- [The task]
In the entries that follow, the first line to write out is the one containing "Image of EISENBERG", and the last is the one containing "NEW! Men's Light-Weight". Reproduce that stretch exactly, with nothing before or after it.

- [Data listing]
• • • •

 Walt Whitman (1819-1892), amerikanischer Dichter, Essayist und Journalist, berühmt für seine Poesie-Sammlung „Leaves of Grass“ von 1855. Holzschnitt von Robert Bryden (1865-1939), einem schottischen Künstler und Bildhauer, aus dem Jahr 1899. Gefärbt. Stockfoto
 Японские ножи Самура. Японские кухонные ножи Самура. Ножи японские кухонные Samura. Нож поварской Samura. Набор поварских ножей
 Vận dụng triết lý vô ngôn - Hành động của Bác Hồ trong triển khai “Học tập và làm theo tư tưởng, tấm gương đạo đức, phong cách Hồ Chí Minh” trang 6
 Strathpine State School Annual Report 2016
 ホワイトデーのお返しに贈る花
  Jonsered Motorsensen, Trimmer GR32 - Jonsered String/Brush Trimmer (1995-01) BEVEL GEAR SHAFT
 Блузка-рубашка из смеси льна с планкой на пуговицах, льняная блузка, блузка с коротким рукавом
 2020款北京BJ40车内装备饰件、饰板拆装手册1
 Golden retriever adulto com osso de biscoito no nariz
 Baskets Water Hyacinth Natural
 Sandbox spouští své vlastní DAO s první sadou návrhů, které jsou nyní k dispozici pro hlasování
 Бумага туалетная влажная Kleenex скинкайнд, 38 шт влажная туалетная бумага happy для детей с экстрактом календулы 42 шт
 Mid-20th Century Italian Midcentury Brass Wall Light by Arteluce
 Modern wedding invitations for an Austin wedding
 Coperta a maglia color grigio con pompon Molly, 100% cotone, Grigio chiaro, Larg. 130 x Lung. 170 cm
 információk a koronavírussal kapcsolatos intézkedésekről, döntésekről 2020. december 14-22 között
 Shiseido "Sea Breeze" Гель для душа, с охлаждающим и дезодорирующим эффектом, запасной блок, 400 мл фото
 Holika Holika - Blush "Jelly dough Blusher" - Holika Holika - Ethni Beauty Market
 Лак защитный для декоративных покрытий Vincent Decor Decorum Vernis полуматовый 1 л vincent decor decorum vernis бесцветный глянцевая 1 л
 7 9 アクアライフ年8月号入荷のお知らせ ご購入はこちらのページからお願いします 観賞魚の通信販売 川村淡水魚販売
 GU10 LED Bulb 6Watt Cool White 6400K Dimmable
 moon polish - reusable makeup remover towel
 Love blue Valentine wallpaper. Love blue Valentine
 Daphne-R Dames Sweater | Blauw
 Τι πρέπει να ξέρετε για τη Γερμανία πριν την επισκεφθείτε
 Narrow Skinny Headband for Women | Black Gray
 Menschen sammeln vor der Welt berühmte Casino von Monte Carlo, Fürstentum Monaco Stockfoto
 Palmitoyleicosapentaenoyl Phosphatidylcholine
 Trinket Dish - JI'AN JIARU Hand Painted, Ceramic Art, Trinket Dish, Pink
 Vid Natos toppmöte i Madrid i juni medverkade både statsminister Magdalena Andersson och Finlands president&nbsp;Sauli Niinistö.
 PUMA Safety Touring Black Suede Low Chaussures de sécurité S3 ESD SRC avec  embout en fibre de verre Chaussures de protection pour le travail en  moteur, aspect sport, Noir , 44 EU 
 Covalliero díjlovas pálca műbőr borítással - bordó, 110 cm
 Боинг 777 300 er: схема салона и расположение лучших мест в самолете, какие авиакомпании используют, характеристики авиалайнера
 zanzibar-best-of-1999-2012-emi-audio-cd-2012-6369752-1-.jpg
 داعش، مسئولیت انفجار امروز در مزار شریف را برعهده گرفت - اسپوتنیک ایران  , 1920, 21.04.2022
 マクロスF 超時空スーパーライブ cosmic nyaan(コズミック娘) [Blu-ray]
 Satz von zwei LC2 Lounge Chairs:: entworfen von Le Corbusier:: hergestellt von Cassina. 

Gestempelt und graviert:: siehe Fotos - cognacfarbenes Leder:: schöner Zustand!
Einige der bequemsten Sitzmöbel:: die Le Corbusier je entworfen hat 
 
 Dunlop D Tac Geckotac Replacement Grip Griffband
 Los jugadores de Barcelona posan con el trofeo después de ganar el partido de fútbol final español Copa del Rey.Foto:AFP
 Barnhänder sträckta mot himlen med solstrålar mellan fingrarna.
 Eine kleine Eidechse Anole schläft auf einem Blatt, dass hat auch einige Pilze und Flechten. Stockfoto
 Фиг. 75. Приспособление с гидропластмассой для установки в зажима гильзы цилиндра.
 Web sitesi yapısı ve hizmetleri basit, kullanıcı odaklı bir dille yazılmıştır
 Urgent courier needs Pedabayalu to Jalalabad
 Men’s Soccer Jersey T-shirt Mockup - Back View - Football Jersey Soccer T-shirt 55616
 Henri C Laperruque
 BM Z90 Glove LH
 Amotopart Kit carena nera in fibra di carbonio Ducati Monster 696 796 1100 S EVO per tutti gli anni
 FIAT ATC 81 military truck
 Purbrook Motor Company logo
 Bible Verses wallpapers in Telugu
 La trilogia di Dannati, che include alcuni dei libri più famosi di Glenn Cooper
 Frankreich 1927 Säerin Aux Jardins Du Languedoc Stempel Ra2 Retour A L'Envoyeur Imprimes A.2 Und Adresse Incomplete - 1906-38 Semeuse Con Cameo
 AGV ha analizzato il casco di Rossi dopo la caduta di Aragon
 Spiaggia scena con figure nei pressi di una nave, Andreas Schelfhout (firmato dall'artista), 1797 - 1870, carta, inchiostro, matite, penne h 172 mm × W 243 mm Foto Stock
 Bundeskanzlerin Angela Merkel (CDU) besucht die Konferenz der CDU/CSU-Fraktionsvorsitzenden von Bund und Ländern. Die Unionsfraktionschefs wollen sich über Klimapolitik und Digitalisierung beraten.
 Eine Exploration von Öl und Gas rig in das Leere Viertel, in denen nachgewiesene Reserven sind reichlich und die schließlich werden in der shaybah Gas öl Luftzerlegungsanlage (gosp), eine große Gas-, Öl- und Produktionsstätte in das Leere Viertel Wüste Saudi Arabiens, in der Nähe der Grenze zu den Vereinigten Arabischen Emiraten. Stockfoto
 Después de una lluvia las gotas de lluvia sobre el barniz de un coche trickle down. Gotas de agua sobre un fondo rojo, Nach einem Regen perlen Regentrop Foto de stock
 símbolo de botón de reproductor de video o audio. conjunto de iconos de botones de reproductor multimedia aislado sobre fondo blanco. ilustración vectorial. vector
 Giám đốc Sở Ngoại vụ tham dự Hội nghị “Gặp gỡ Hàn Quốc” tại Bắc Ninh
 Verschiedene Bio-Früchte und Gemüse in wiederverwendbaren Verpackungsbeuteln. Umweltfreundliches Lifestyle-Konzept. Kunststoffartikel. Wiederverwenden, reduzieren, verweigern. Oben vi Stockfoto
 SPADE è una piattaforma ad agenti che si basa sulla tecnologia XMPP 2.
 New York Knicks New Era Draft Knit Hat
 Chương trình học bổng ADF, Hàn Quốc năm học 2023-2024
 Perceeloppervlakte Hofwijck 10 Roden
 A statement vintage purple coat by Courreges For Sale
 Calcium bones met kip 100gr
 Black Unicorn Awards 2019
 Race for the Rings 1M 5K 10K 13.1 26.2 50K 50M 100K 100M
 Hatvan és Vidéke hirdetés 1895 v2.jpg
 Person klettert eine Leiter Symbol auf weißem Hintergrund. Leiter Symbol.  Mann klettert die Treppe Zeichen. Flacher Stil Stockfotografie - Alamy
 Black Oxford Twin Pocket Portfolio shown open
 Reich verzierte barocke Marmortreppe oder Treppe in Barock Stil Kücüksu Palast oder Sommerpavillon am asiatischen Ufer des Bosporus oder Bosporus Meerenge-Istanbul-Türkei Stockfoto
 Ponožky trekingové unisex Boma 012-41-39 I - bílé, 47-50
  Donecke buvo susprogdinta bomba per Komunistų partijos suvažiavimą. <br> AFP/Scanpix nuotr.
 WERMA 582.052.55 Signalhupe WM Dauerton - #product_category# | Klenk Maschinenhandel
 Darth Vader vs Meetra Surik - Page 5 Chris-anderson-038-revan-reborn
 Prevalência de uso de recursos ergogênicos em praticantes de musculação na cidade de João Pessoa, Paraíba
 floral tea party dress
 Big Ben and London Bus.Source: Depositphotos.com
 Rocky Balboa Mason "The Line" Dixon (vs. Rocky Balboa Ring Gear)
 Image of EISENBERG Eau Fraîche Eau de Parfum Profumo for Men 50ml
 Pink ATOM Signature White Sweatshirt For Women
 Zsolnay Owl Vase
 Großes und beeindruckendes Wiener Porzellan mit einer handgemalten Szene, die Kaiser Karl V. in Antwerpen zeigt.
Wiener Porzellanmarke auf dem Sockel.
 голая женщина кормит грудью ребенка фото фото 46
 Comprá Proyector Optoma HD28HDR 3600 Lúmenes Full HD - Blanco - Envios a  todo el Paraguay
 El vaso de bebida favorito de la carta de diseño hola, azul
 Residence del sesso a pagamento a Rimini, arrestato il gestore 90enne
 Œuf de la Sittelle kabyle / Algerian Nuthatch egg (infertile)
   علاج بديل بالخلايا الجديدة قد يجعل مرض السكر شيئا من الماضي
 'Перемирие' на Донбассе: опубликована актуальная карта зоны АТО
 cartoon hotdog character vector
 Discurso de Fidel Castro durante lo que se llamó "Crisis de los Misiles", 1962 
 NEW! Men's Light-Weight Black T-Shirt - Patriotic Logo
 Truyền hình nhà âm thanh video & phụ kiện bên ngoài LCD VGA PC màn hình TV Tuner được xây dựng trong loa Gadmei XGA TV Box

• • • •

- [Response]
 Image of EISENBERG Eau Fraîche Eau de Parfum Profumo for Men 50ml
 Pink ATOM Signature White Sweatshirt For Women
 Zsolnay Owl Vase
 Großes und beeindruckendes Wiener Porzellan mit einer handgemalten Szene, die Kaiser Karl V. in Antwerpen zeigt.
Wiener Porzellanmarke auf dem Sockel.
 голая женщина кормит грудью ребенка фото фото 46
 Comprá Proyector Optoma HD28HDR 3600 Lúmenes Full HD - Blanco - Envios a  todo el Paraguay
 El vaso de bebida favorito de la carta de diseño hola, azul
 Residence del sesso a pagamento a Rimini, arrestato il gestore 90enne
 Œuf de la Sittelle kabyle / Algerian Nuthatch egg (infertile)
   علاج بديل بالخلايا الجديدة قد يجعل مرض السكر شيئا من الماضي
 'Перемирие' на Донбассе: опубликована актуальная карта зоны АТО
 cartoon hotdog character vector
 Discurso de Fidel Castro durante lo que se llamó "Crisis de los Misiles", 1962 
 NEW! Men's Light-Weight Black T-Shirt - Patriotic Logo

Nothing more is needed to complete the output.